The most popular tourist walk starts at the Old Railway Station, down Macedonia Street to the Mother Teresa Memorial House, which opened in 2009 on the former site of the Sacred Heart of Jesus Roman Catholic Church, where she was baptized the day after her birth. Inside the free attraction some of her relics are preserved, as well as a museum with sculptures of her and her family.
But we began our walk at the memorial of the actual home where Mother Teresa was born and raised. The house is gone now and the spot is near the country’s largest square, Macedonia Square, which stretches to both sides of the Vardar River, and is surrounded by ornate, impressive structures.

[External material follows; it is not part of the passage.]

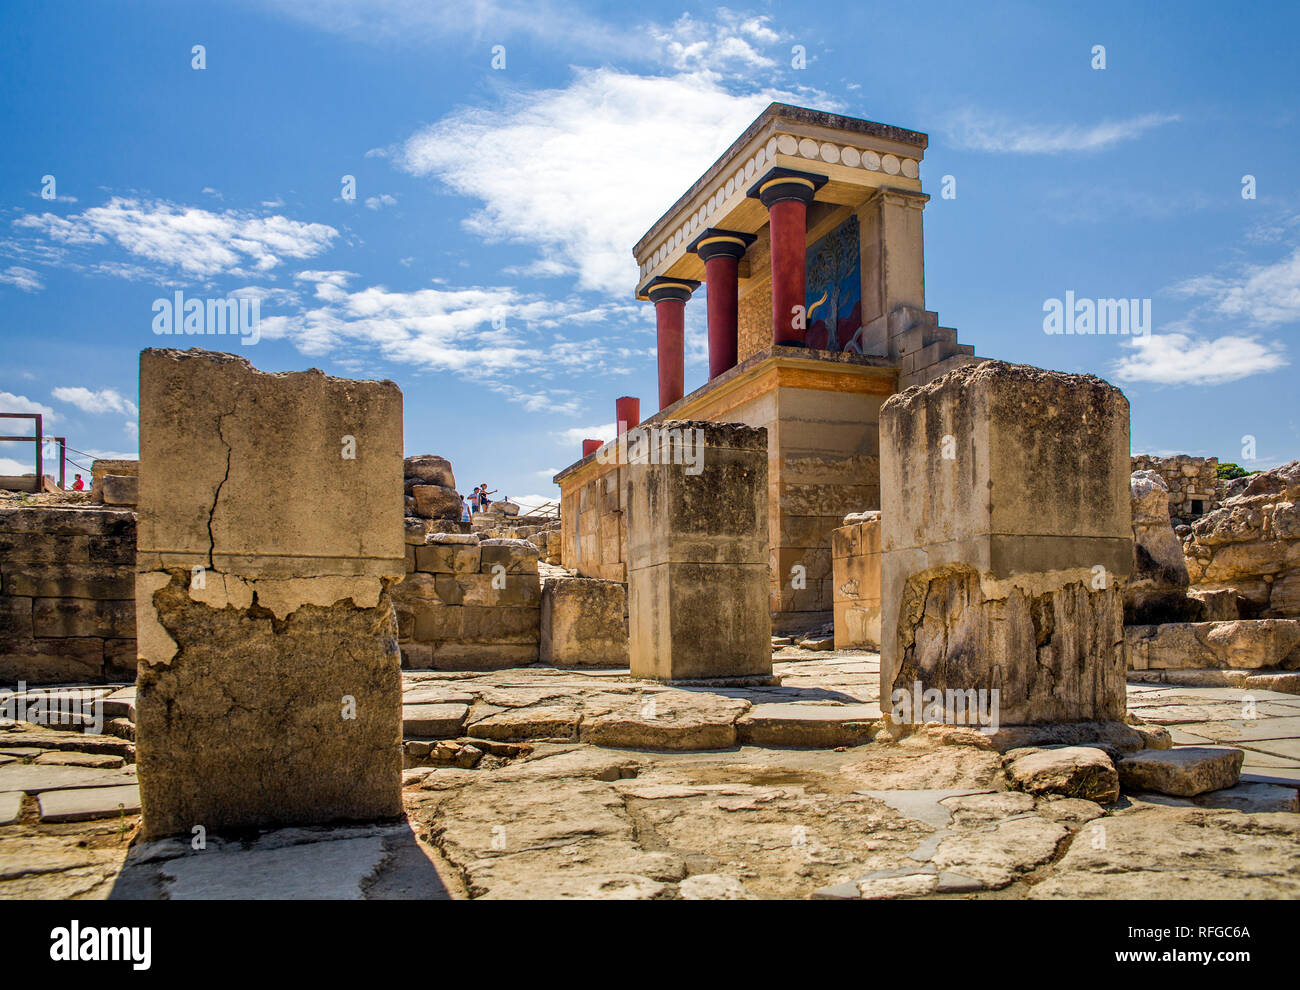 Les colonnes rouges du palais de Knossos. Palais de Knossos sur l'île de Crète en Grèce. D'anciennes ruines de l'incendie une partie du Musée Archéologique de Banque D'Images

This square is where Macedonians declared independence from Yugoslavia in 1991. It includes a statue of Alexander the Great, a figure Greece heatedly claims as a cultural icon. Indeed, Greece also objected to the use of the name Macedonia, saying it could allow the country to lay claim to the name’s heritage and then possibly the whole region. The UN suggested the name change in 2019. It’s all a sticky topic. In early 2019, now North Macedonians showed their feelings at a German handball match by wearing Alexander-like helmets.
Mother Teresa’s birthplace memorial is simple. “Here was the house where on 26-08-1910 was born Gondza Bojadziu Mother Thereza” Her message to the world is also inscribed: “The world is not hungry for bread, but for love.”
When Mother Teresa was 18, she moved to Ireland, then India, where she spent most of her life giving service to the poorest of the poor while living among them. Her list of accomplishments is astounding.
North Macedonians are understandably proud of this woman, who won the 1979 Nobel Peace Prize and was canonized by the Roman Catholic Church in 2016.
According to one biography, she was fascinated by missionary work as a small child and decided by 12 to dedicate her life to religious service.
From the nearby square, we crossed over the Vardar as Mother Teresa would have done on the grand arched Stone Bridge. It’s the main element of Skopje’s coat of arms and was built on Roman foundations in the 15th Century.
From there, we entered the enormous Skopje Old Bazaar, dating to the 12th Century. Tour guides say it is the second biggest Ottoman bazaar of its kind in Europe after the Grand Bazaar in Istanbul. Inside are oddly shaped blocks, covered areas, narrow stone alleys and bigger squares, some scented with walnut baklava.
It has restaurants and cafes, traditional craftspeople, hotels and houses of worship. You name it. Windows are crowded with hundreds of pairs of the handmade leather “peasant shoes,” and locals bustled about. We tried to imagine Mother Teresa in her youth shopping in these streets, which are now also full of souvenir stalls and communist-era antiques and military memorabilia.
Next to the bazaar and just outside the old city area is the Skopje Fortress, called “Kale,” dating back to the 6th Century and still under excavation.
Mother Teresa returned to Skopje four times after she left at 18. The last time was in 1979 when she opened a house for her order.
We liked to wonder if she got to enjoy of any the city’s pleasures, the pastries, the Ratija fruit brandy. We hope that she did.